Figure 2 (Key Figure):. Strategies for obtaining glial cell-enriched brain organoids.

(A) Long-term culture of neural organoids promotes astrocyte differentiation as radial glia progenitors undergo the neurogenic-to-gliogenic transition. Long-term maintenance of neural organoids can be further improved by slicing spherical organoids and maintaining sliced organoids to allow efficient nutrient and oxygen exchange. Astrocyte-enriched neural organoids can be used to study astrocyte lipid metabolism and astrogliosis in AD, among other roles. (B) Supplying key signaling molecules required for oligodendrocyte progenitor cell (OPC) and oligodendrocyte differentiation, including platelet-derived growth factor AA (PDGF-AA), insulin-like growth factor 1 (IGF-1), and thyroid hormone (T3), promotes OPC and oligodendrocyte differentiation in myelinoids. Patterning myelinoids towards ventral spinal cord identity can further improve myelination. Oligodendrocyte-enriched myelinoids can be used to study the effects of myelination and myelin breakdown in AD. (C) Given that microglia arise from a different germ layer (mesoderm) than do neural tissues (ectoderm), generation of microglia-containing neuroimmune organoids (NIOs) can be achieved by seeding induced pluripotent stem cell (iPSC)-derived microglia into differentiated BOs. To obtain microglia, iPSCs are differentiated into an erythromyeloid progenitor-like intermediate followed by microglia differentiation and maturation in the presence of transforming growth factor β (TGF-β), interleukin 34 (IL-34), and macrophage colony-stimulating factor (M-CSF).

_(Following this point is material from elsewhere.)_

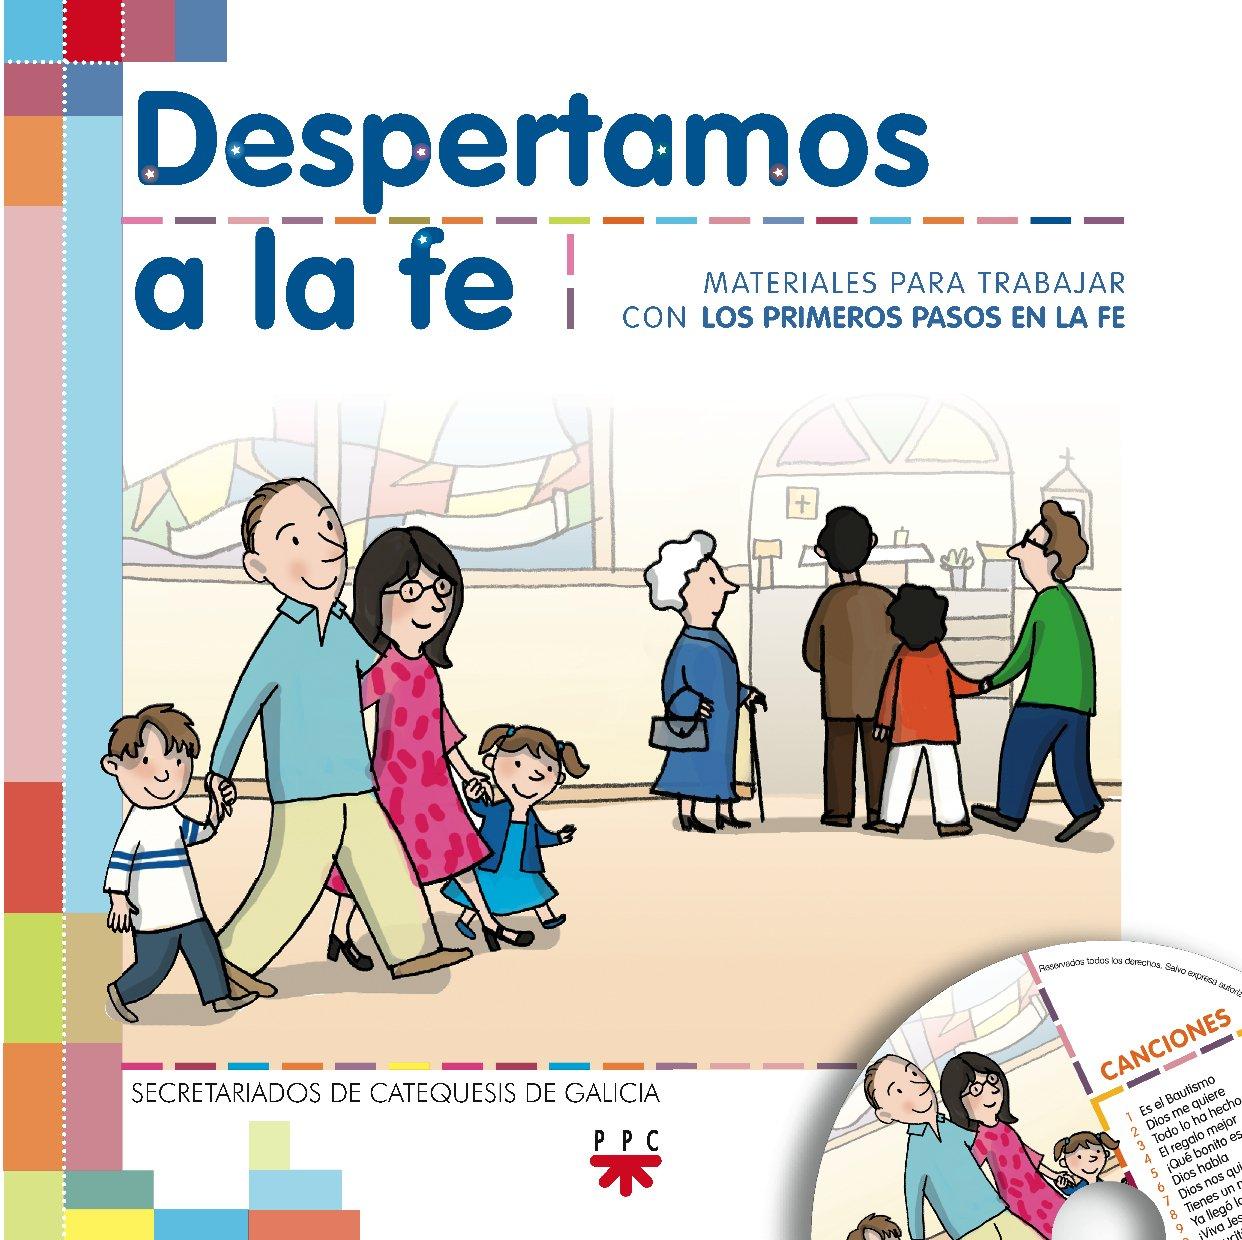 Despertamos A La Fe (Catequesis Galicia): Amazon.es: Secretariados de Catequesis de Galicia,: Libros

Microglia-enriched NIOs can be used to study phagocytosis of toxic debris and microgliosis in AD.

Figure 3:. Human organoid technology for modeling brain vascular systems.

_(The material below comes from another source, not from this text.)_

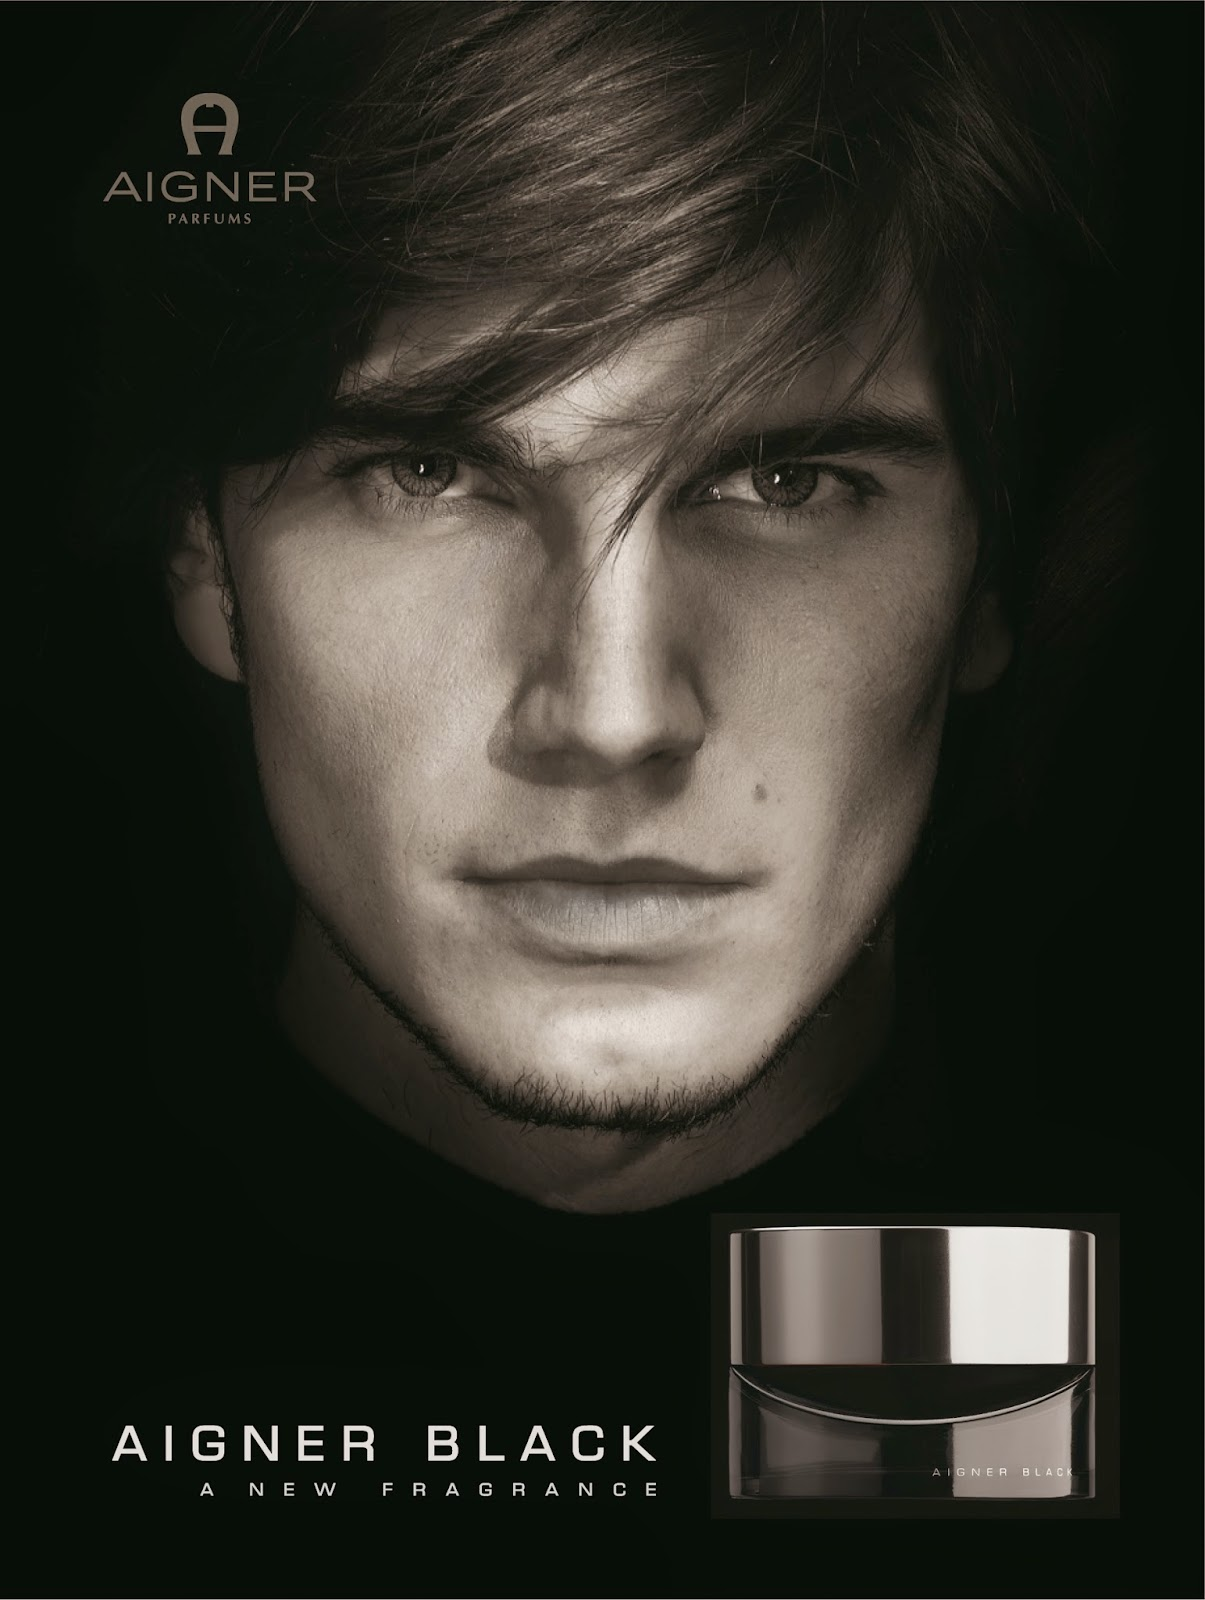 Aigner Black for Men by Etienne Aigner

(A) Vascularized BOs can be engineered by transcription factor-driven directed endothelial cell differentiation during BO generation. Alternatively, spheroids containing astrocytes, pericytes, and endothelial cells self-organize into distinct layers that form a blood-brain barrier (BBB)-like structure. Finally, organ-on-a-chip devices combine microfluidics with in vitro cell culture, enabling the desired layering of different BBB cell types to be achieved. (B) Differentiation of choroid plexus organoids (ChPOs) enables modeling of the blood-cerebrospinal fluid (B-CSF) barrier and the production of CSF-like fluid. Furthermore, ChPOs may be used to study the changes in CSF composition during AD progression as well as to uncover AD-relevant CSF biomarkers. (C) Organoid models of brain vascular systems recapitulate key elements of the BBB and the B-CSF barrier. For example, BBB models contain endothelial cells, pericytes, and astrocytic end-feet as well as express genes encoding tight junction and channel proteins, such as aquaporin 4 (AQP4). ChPOs contain secretory epithelium producing CSF-like fluid as well as express genes encoding tight junction proteins, such as claudin 1 (CLDN1), and proteins required for CSF secretion, such as aquaporin 1 (AQP1). Therefore, the BBB and B-CSF barrier models can be used to study various aspects of vascular dysfunction associated with AD, and explore novel directions for AD research, such as the roles of peripheral lipoproteins and ApoE as well as the adaptive immune system in AD progression.